Here’s the final result:

And here’s the code:

# Men's heights are normally distributed with a population mean of 69.0 inches
# and a population standard deviation of 2.8 inches

population_mean <- 69
population_sd <- 2.8
sd_to_fill <- 1
lower_bound <- population_mean - population_sd * sd_to_fill
upper_bound <- population_mean + population_sd * sd_to_fill

# Generates equally spaced values within 4 standard deviations of the mean
# This is used to connect the points on the curve so the more points the better
x <- seq(-4, 4, length = 1000) * population_sd + population_mean

# Returns the height of the probably distribution at each of those points
y <- dnorm(x, population_mean, population_sd)

# Generate the plot, where:
# - type: the type of plot to be drawn where "n" means do not plot the points
# - xlab: the title of the x axis
# - ylab: the title of the y axis
# - main: the overall title for the plot
# - axes: when false it suppresses the axis automatically generated by the high level plotting function so that we can create custom axis
plot(x, y, type="n", xlab = "Height (inches)", ylab = "", main = "Distribution of Men's Heights", axes = FALSE)

# Connect all of the points with each other to form the bell curve
lines(x, y)

# Returns a vector of boolean values representing whether the x value is between the two bounds then
# filters the values so that only the ones within the bounds are returned
bounds_filter <- x >= lower_bound & x <= upper_bound
x_within_bounds <- x[bounds_filter]
y_within_bounds <- y[bounds_filter]

# We want the filled in area to extend all the way down to the y axis which is why these two lines are necessary
# It makes the first point in the polygon (lower_bound, 0) and the last point (upper_bound, 0)
x_polygon <- c(lower_bound, x_within_bounds, upper_bound)
y_polygon <- c(0, y_within_bounds, 0)

polygon(x_polygon, y_polygon, col = "red")

# Now determine the probability that someone falls between the two bounds so we can display it above the curve
# Remember that pnorm returns the probability that a normally distributed random number will be less than the given number
probability_within_bounds <- pnorm(upper_bound, population_mean, sd) - pnorm(lower_bound, population_mean, population_sd)

# Concatenate the various values so we can display it on the curve
text <- paste("p(", lower_bound, "< height <", upper_bound, ") =", signif(probability_within_bounds, digits = 3))

# Display the text on the plot.

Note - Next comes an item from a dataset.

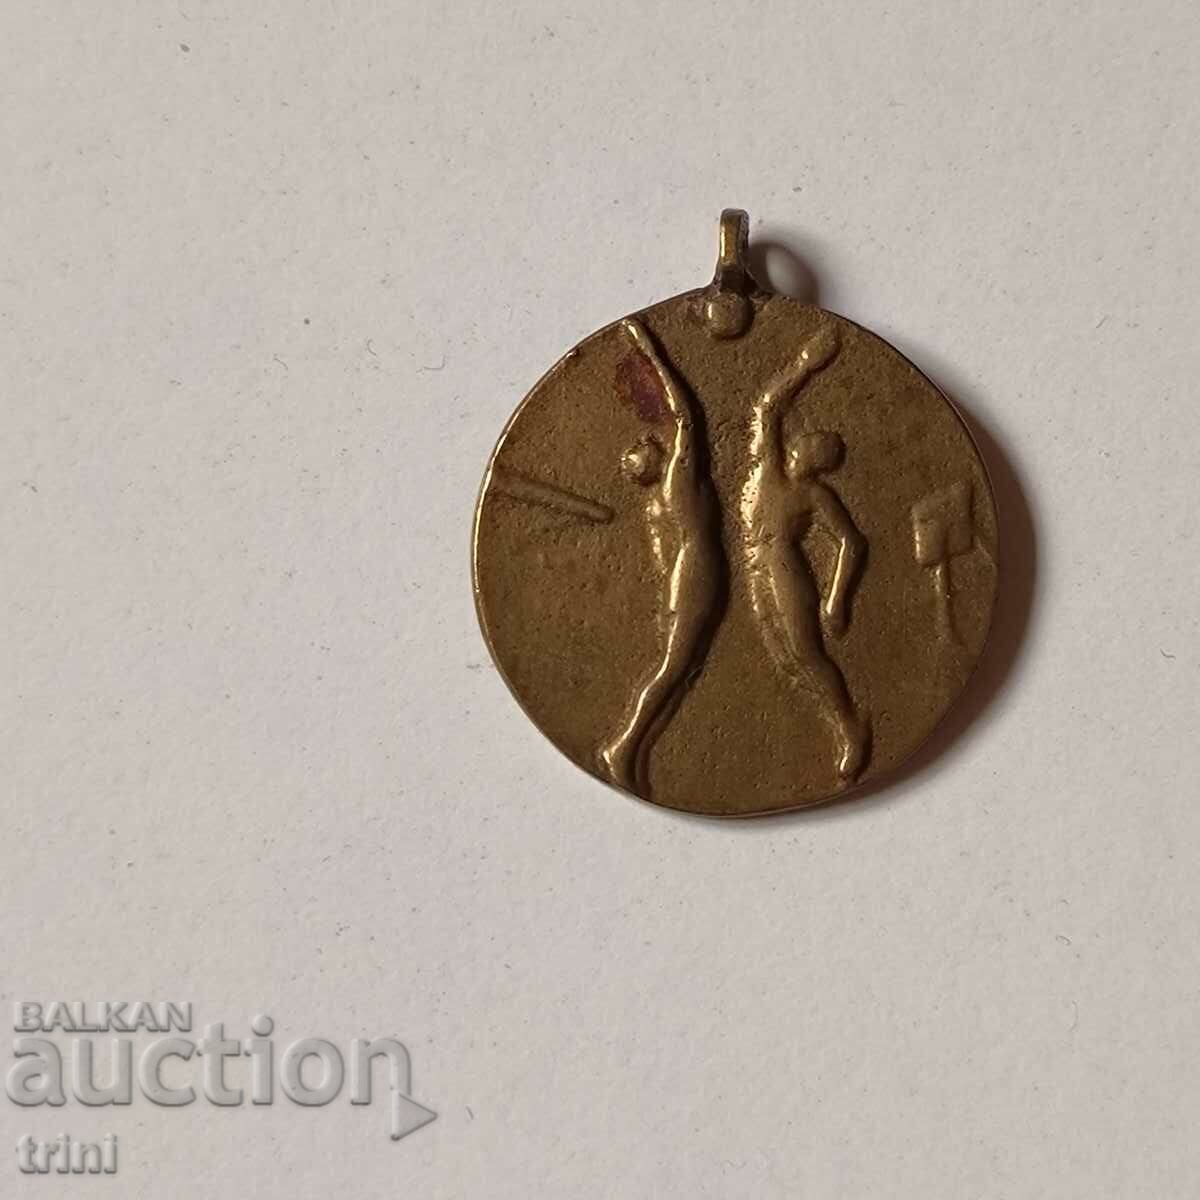 Αθλητικό μετάλλιο 1952 - βόλεϊ

The default "side" parameter is 3, representing the top of the plot.
mtext(text)

# Add an axis to the current plot, where:
# - side: which side of the plot the axis should be drawn on where 1 represents the bottom
# - at: the points at which the tick-marks are to be drawn
# - pos: the coordinate at which the axis line is to be drawn
sd_axis_bounds = 5
axis_bounds <- seq(-sd_axis_bounds * population_sd + population_mean, sd_axis_bounds * population_sd + population_mean, by = population_sd)
axis(side = 1, at = axis_bounds, pos = 0)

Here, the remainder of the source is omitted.